■ **AIM OF THE TASK**:
Please copy the data below exactly; none of the pictures in it belong in the copy.

■ **EXERCISE DATA**:
==*==

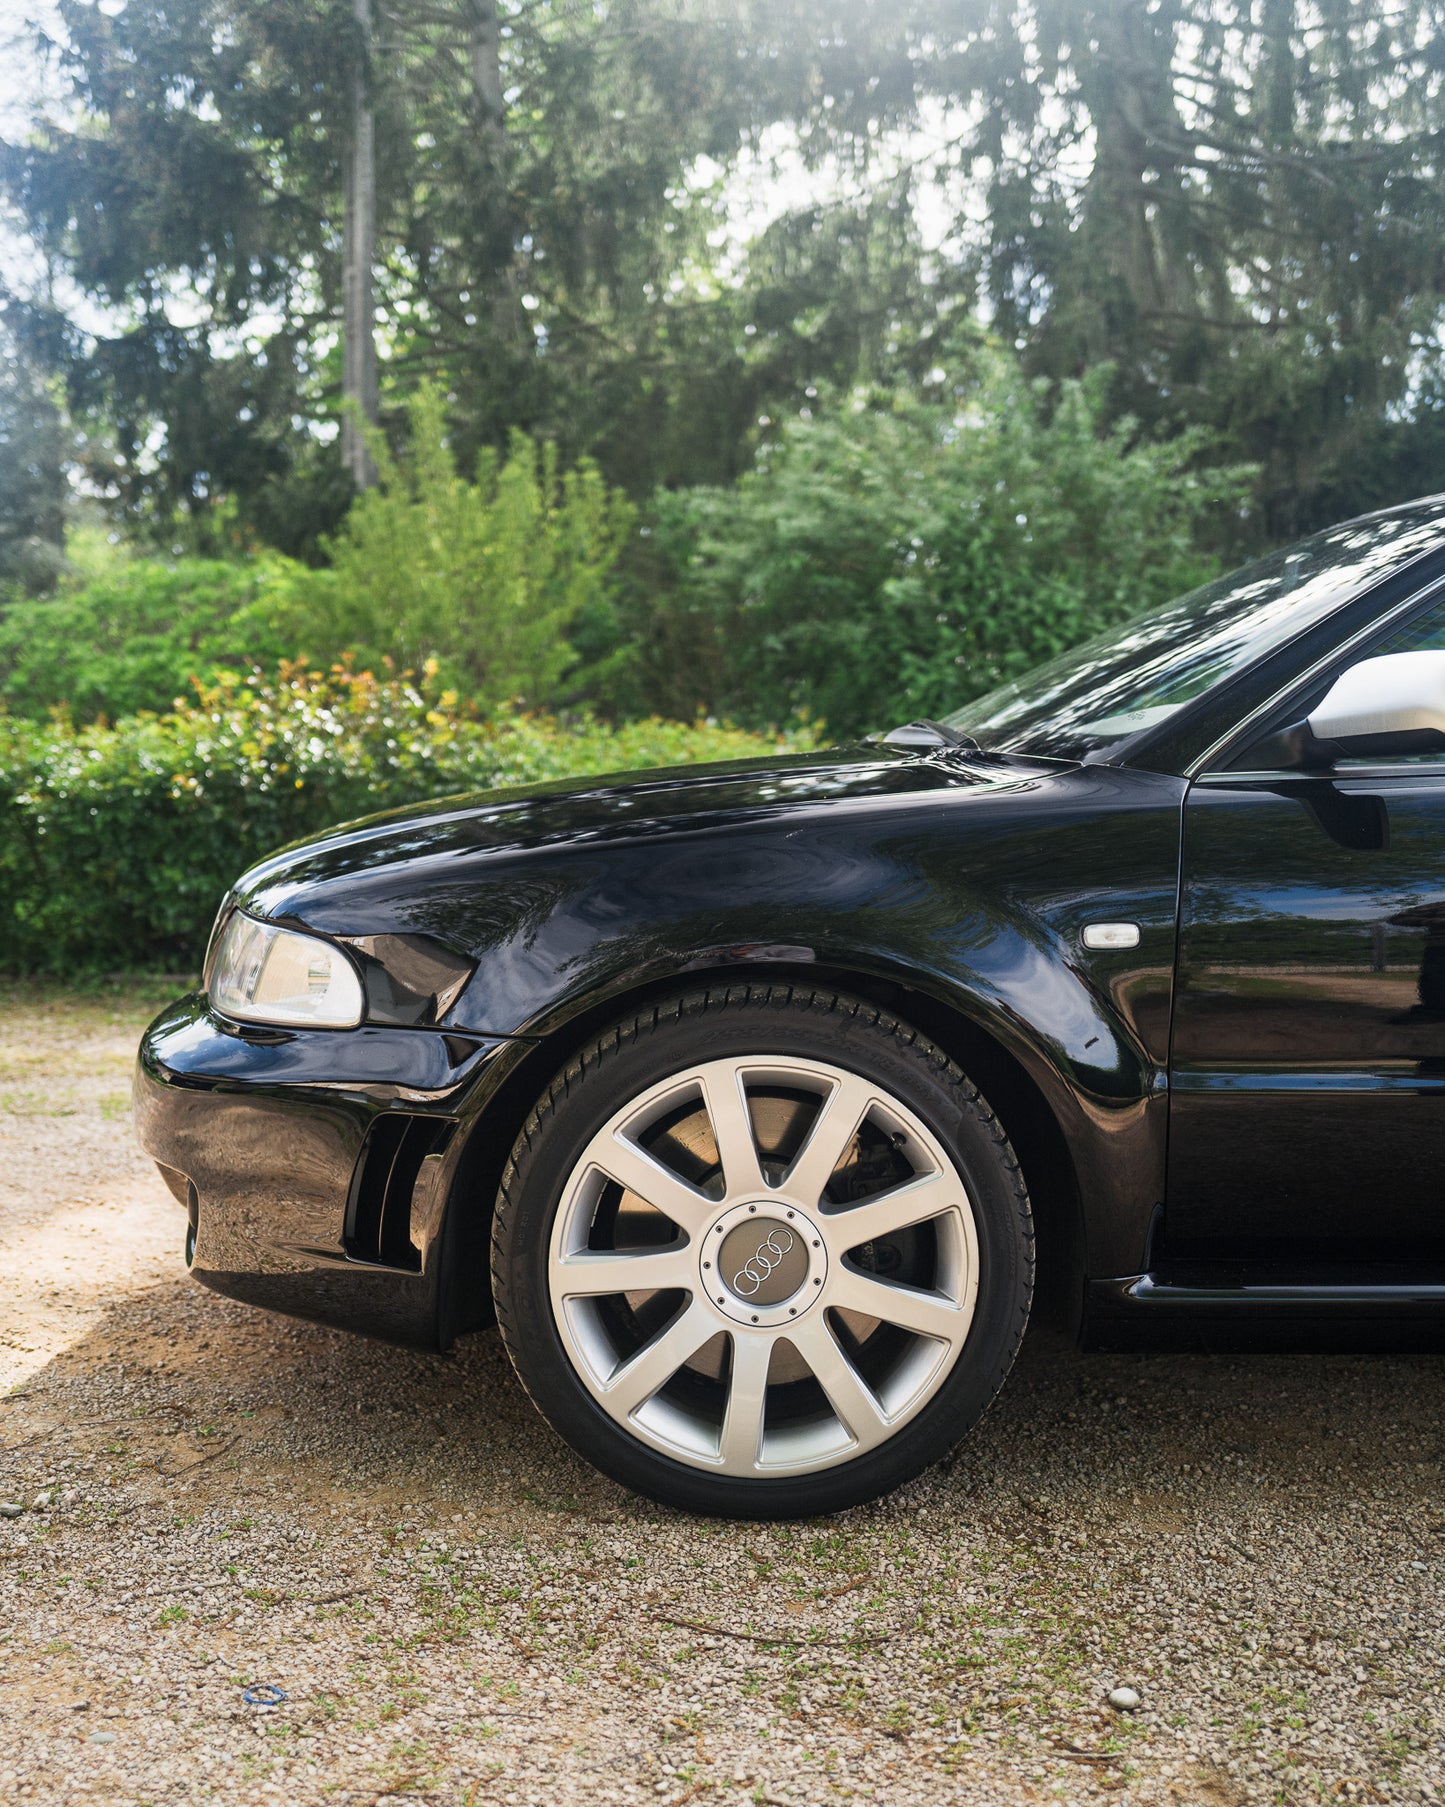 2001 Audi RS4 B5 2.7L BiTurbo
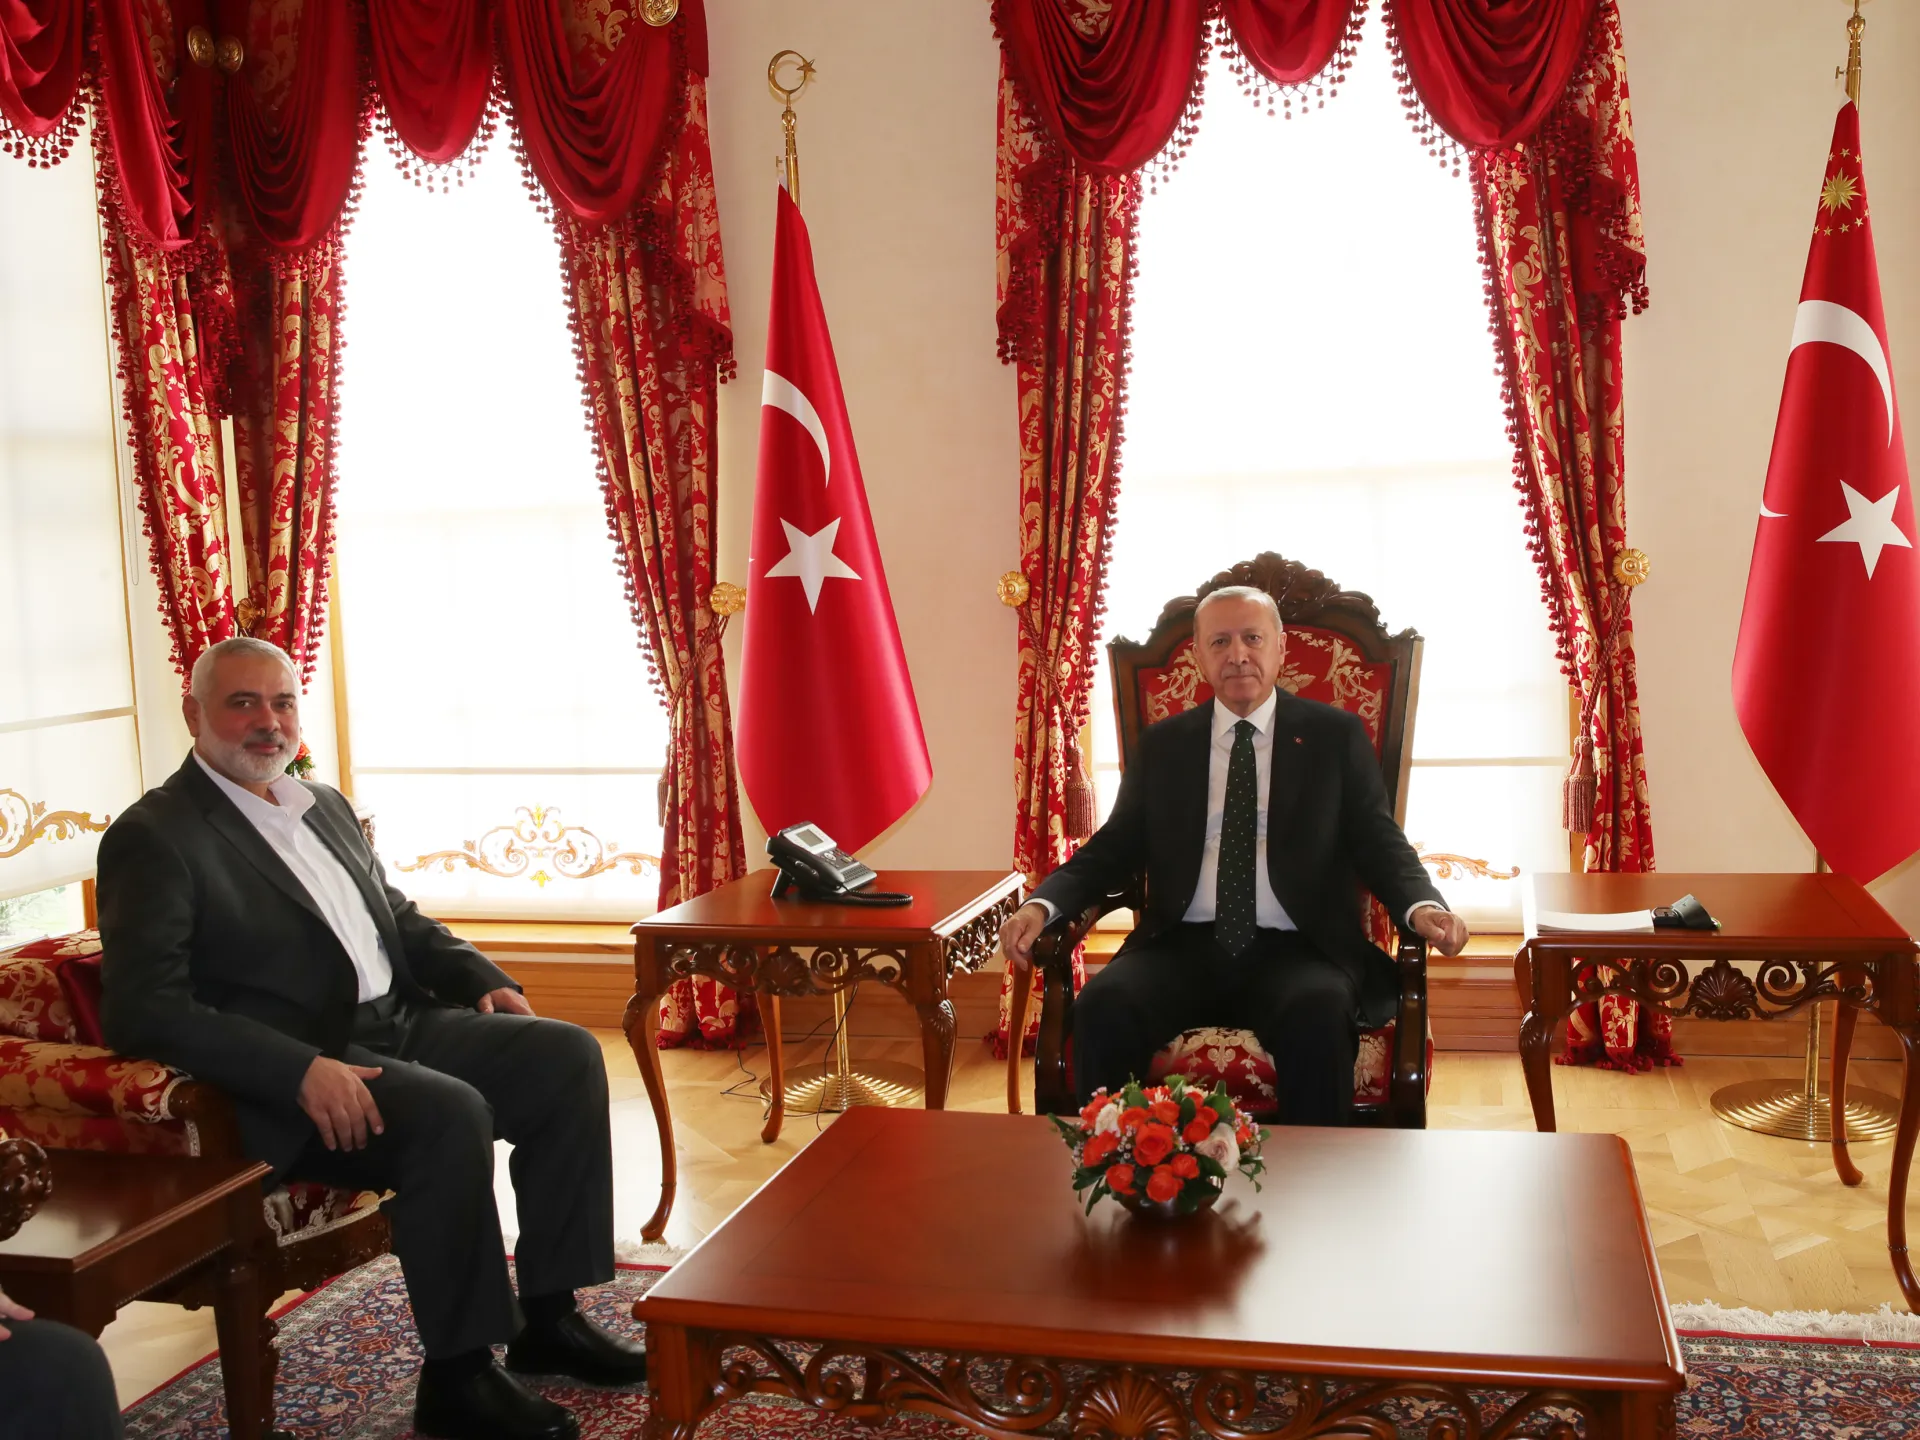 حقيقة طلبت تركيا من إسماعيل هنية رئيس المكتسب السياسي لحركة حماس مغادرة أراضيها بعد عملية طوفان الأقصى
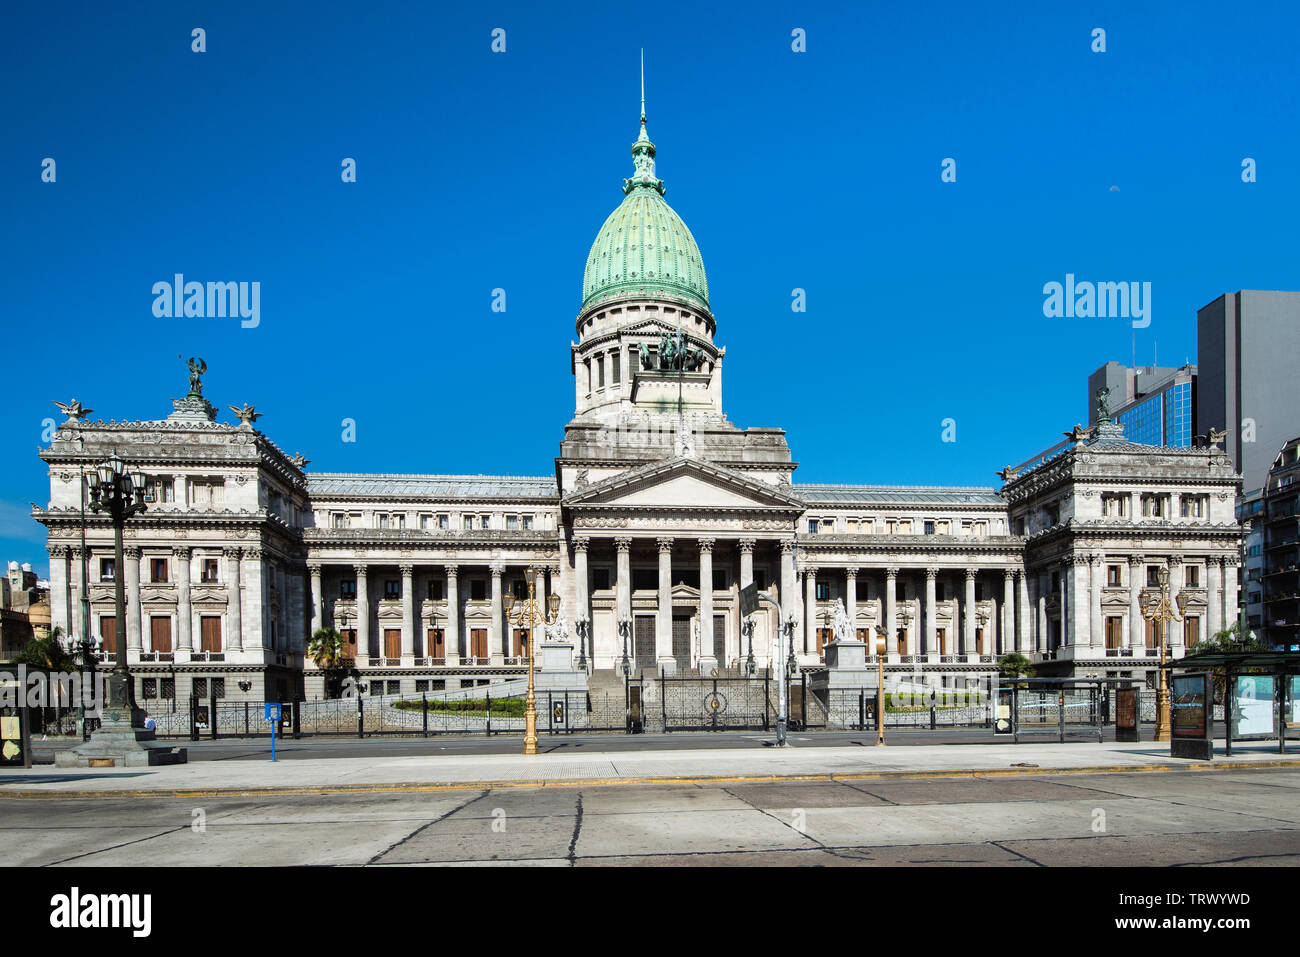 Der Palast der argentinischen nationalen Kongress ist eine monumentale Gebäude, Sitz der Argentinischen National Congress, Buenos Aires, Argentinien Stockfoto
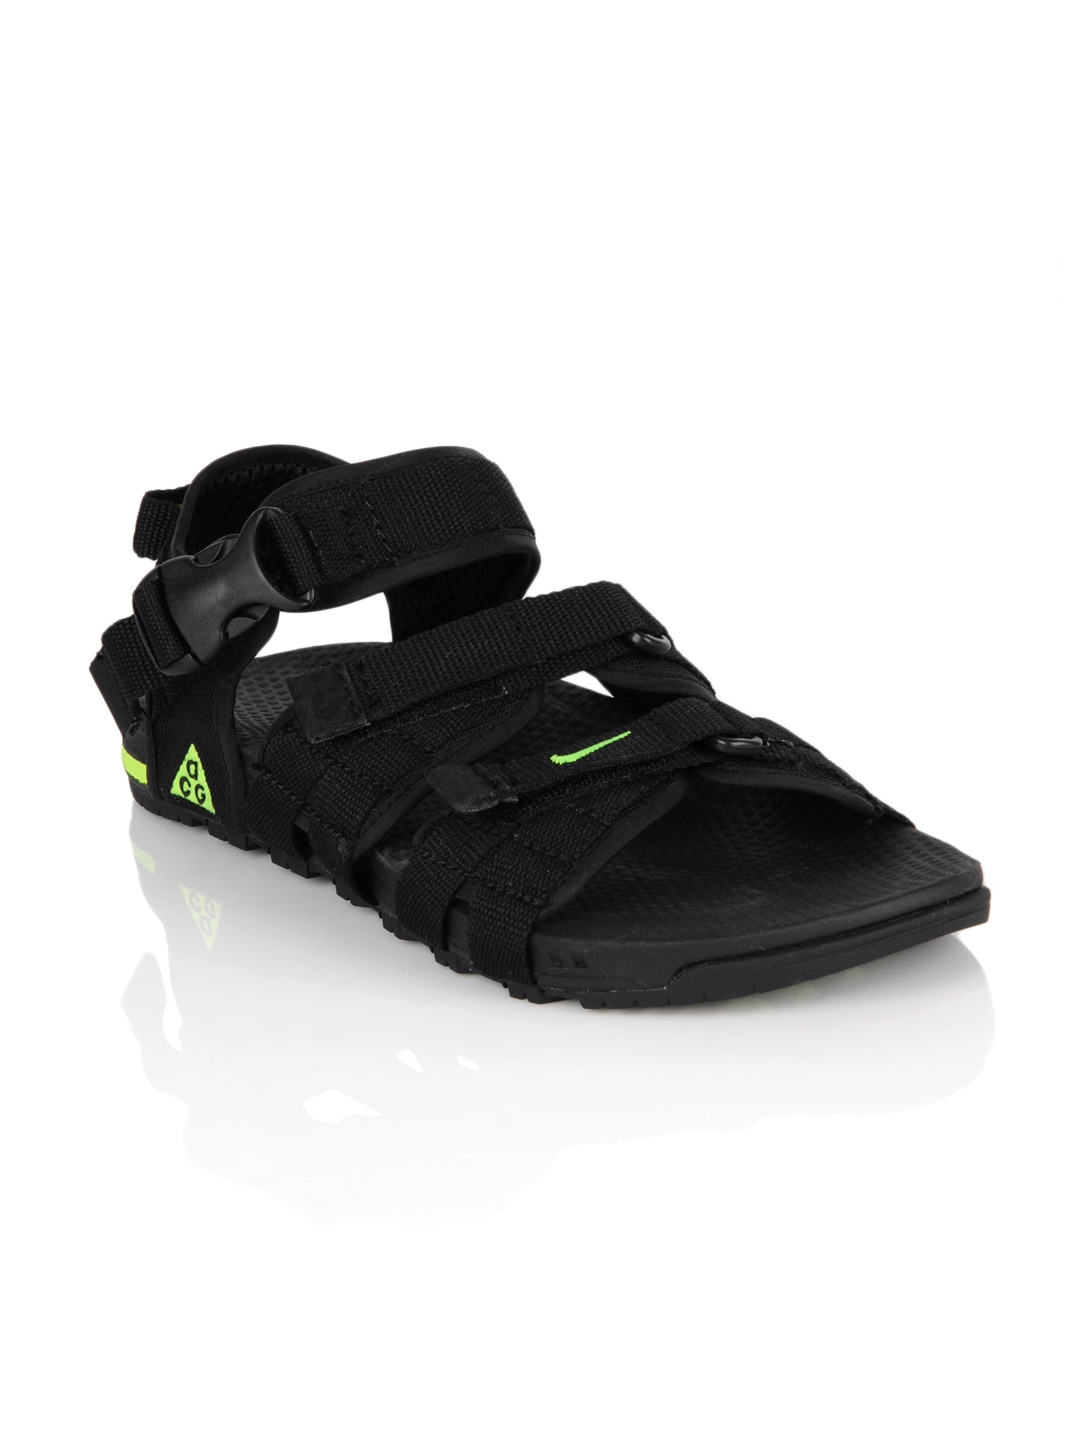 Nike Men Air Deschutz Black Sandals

==*==

■ **TASK ANSWER**:
 2001 Audi RS4 B5 2.7L BiTurbo
 حقيقة طلبت تركيا من إسماعيل هنية رئيس المكتسب السياسي لحركة حماس مغادرة أراضيها بعد عملية طوفان الأقصى
 Der Palast der argentinischen nationalen Kongress ist eine monumentale Gebäude, Sitz der Argentinischen National Congress, Buenos Aires, Argentinien Stockfoto
 Nike Men Air Deschutz Black Sandals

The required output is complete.